Judges in the Inner House of the Court of Session upheld an appeal by Donald Gillies against a decision of the Sheriff Principal, who ruled that Falkirk Council was entitled to end his occupancy of a property without complying with the statutory provisions relating to termination of Scottish secure tenancies.
Lady Paton, Lord Malcolm and Lord McGhie heard that the respondents entered into an occupancy agreement with the defender, which stated that it was to “continue on a fortnightly basis until the council has carried out a full investigation of your housing circumstances”.
The defender failed to pay rent and the respondents gave notice to bring the occupancy to an end, but they did not give the notice required to comply with the statutory provisions relating to termination of Scottish secure tenancies, although the council contended that the agreement was governed by separate provisions relating to temporary agreements.
It was accepted that, for the purposes of the Housing (Scotland) 2001 Act, the agreement would fall to be treated as a secure tenancy if it did not contain an express provision saying that it was for a term of less than six months.
The sheriff held that there was no such provision, but the sheriff principal was persuaded that there was and the appellant challenged that decision.
For the council it was argued that the phrase “on a fortnightly basis” was equivalent to an “express reference” to the agreement being for a term of two weeks.
A further clause which provided that the “total charge for this accommodation is £304.12 per fortnight, payable in arrears, on the last day of each rental period”, should be read as meaning that “rental period” was synonymous with “term” or “duration” and “plainly indicated” that the rental period or term was a fortnight.
However, the appeal judges concluded that the agreement could not properly be viewed as including such an express provision.
Delivering the opinion of the court, Lord McGhie said: “It is unnecessary for us to embark on a detailed examination of the reasoning of the sheriff or the sheriff principal and there is no need for any elaborate exposition of the word ‘expressly’. Whatever precise meaning that word may have in different contexts, the intention of Parliament, in the present context, must have been to require something which drew the attention of the tenant to the fact that the term was to be for a period of less than six months. We accept that the provision does not require use of the actual words ‘term of less than six months’.
“But we are satisfied that it is necessary to find some wording with equivalent effect stating that the duration of the agreement is for some explicit period which does not exceed six months or that occupancy is to come to an end at some point within six months. Such a provision would not preclude express reference to the possibility of a further agreement allowing occupancy to continue after that period.
“It seems to us that the most obvious meaning to be taken from the expression ‘will continue on a fortnightly basis’ is not that the agreement had a term of a single fortnight but that the right to occupancy would continue indefinitely from fortnight to fortnight. Something further would be needed to show when that right was to end. In the present case, the relevant provision follows immediately.

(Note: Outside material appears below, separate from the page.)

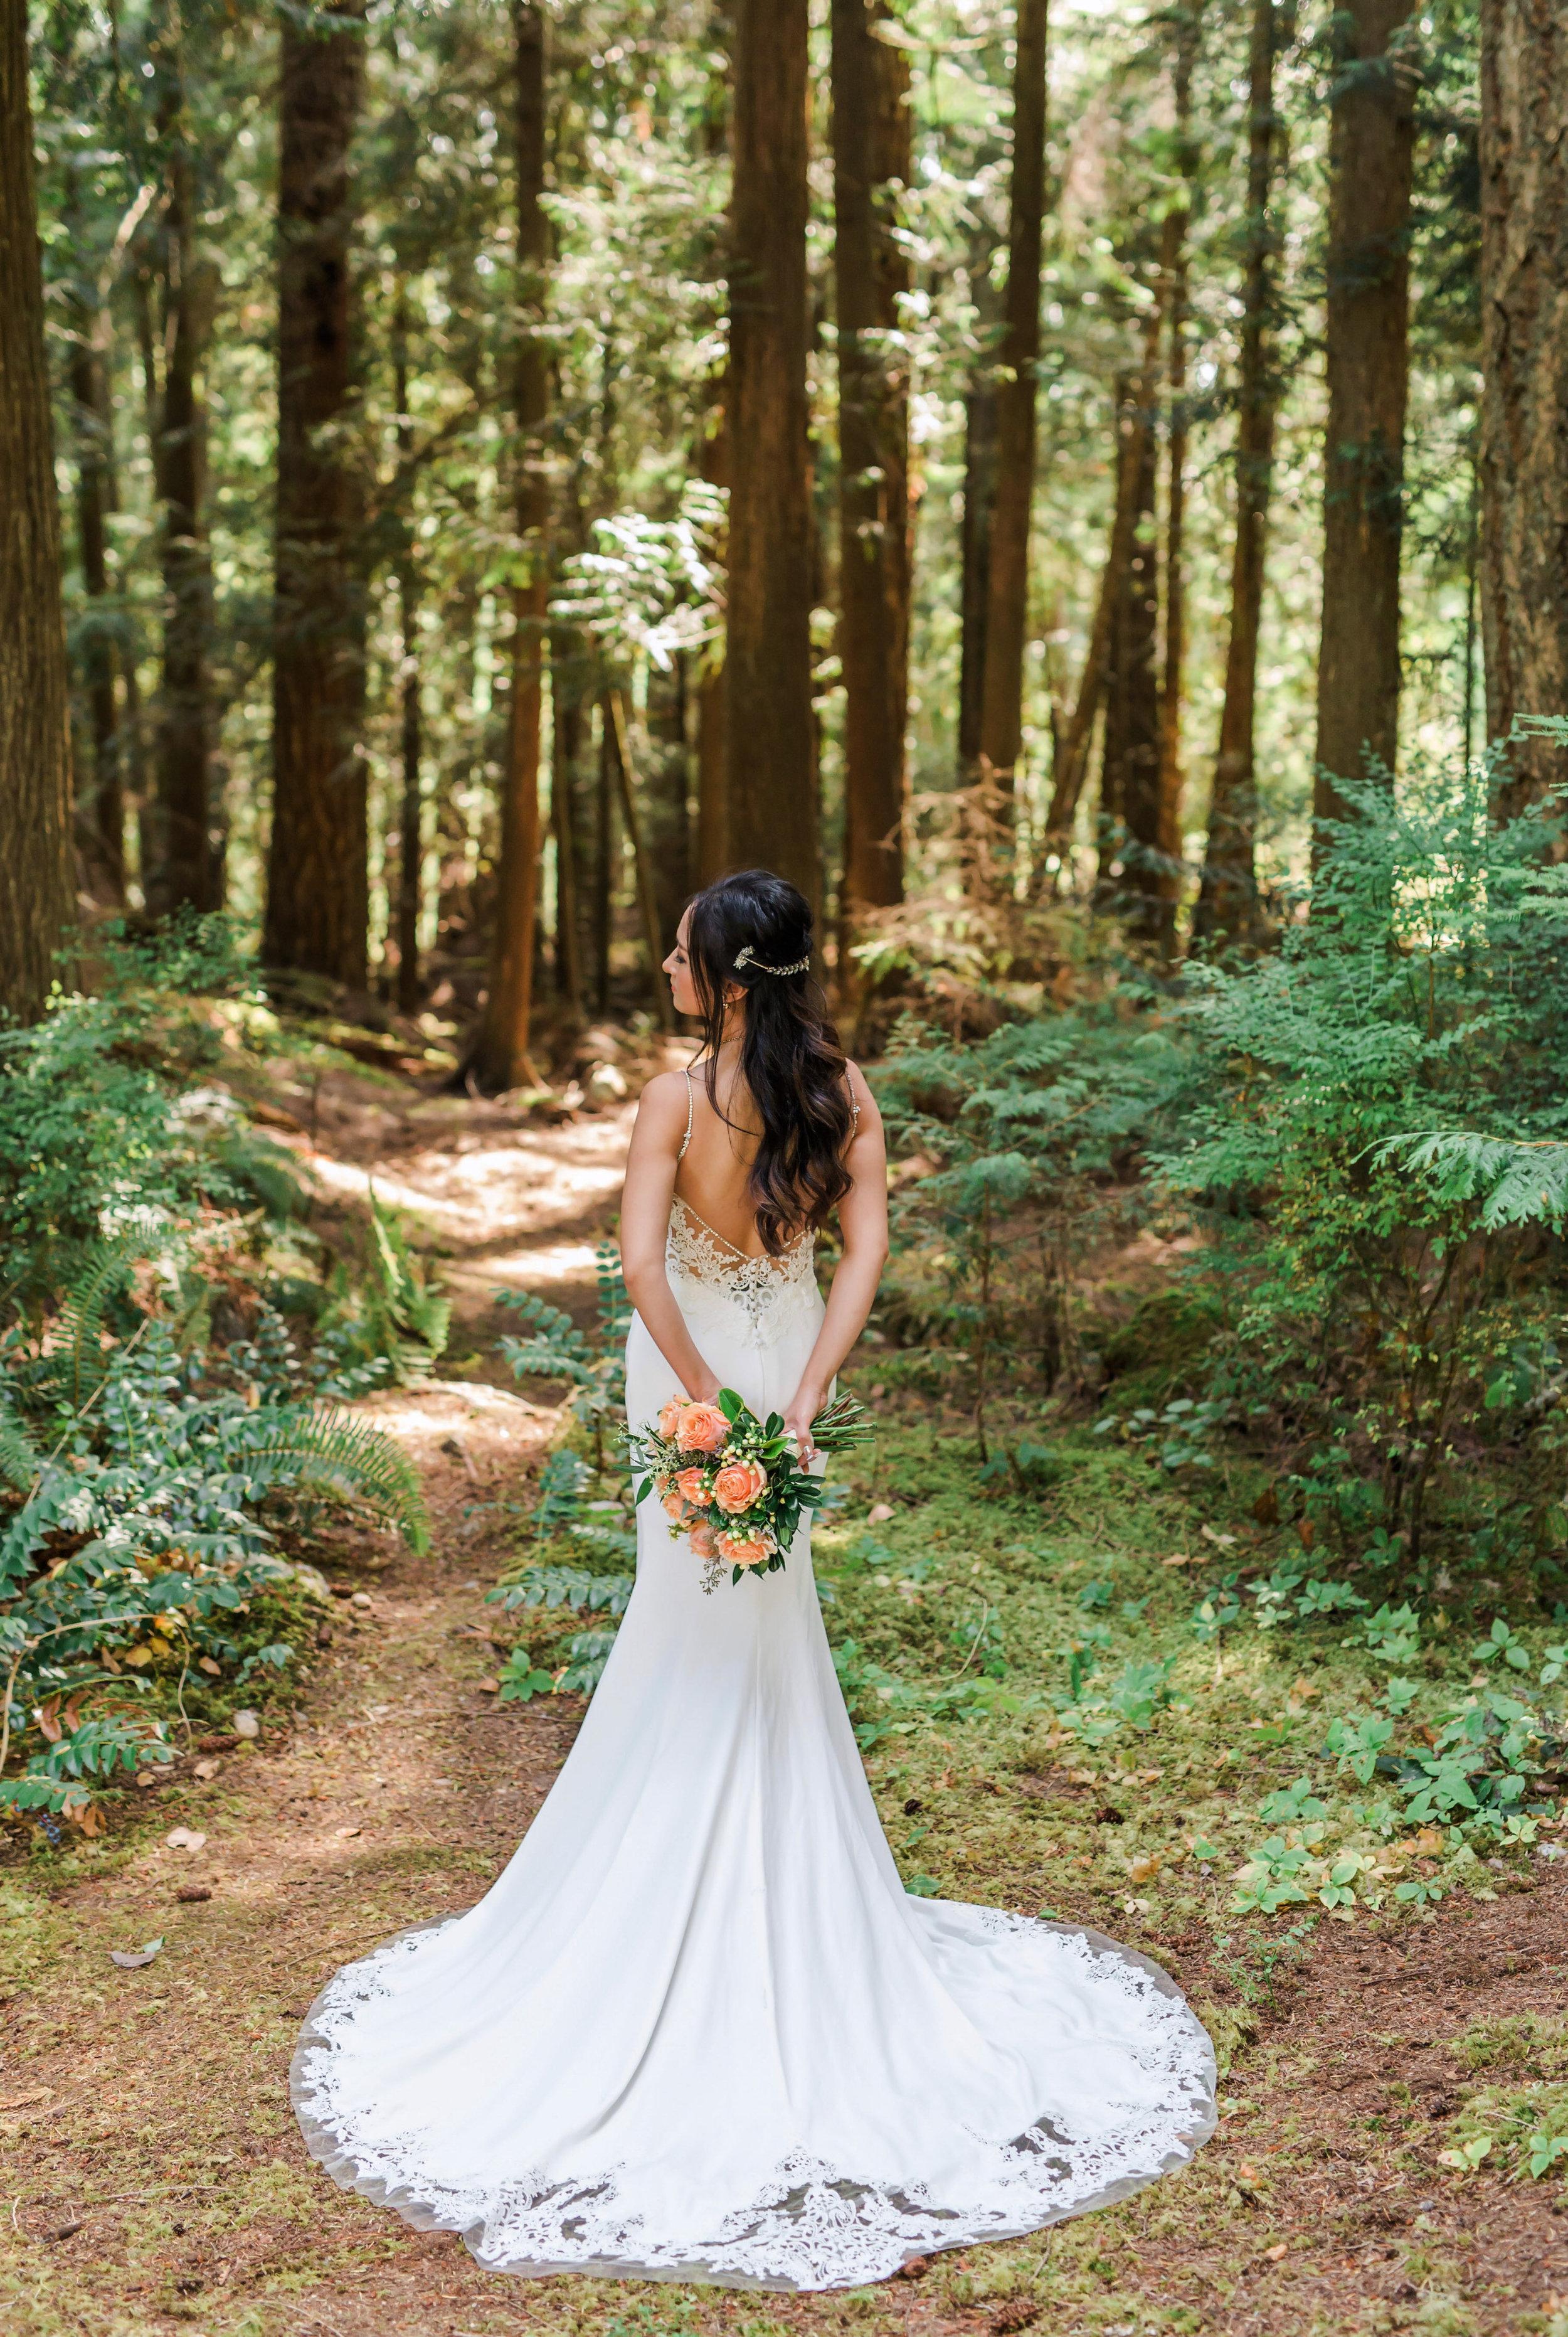 Linwood House Wedding Photos - Roberts Creek Wedding Photos - Vancouver Wedding Photographer & Videographer - Sunshine Coast Wedding Photos - Sunshine Coast Wedding Photographer - Jennifer Picard Photography - IMG_7617.jpg

“The parties’ express agreement was that the occupancy agreement would continue until the council had carried out a full investigation. There was no qualification of the time they were expected to take to do that. The reference to a fortnight can readily be understood as relating to the period in respect of which the rent was measured.”
He added: “A reference to an agreement continuing fortnightly is plainly not the same as an express provision that the agreement is only to last for a fortnight. Lawyers might argue over precisely what the legal effect of the former could be but the tenant would understand that the right of occupation which he was being given under the agreement was not to terminate at the end of each fortnight.
“The agreement does not purport to set out a mere expectation of a fresh agreement at the end of each period. It narrates an agreement that occupation will continue.
“The substantive agreement, explicitly set out, is that his occupancy will continue until the respondents have done certain things. There is nothing to hint that this was to be completed within six months far less any express provision to that effect.”
Nor did the judges accept that a “rental period” was synonymous with “term” or “duration”.
“We consider that in its everyday use this expression is understood to relate to the period in respect of which instalments of rent are due,” Lord McGhie said.
He added: “In short, we are not persuaded that this agreement can be read as containing any express provision which could properly be regarded as indicating, far less saying, that the appellant’s right of occupancy is to be for a term of less than six months. The appeal succeeds on that basis.”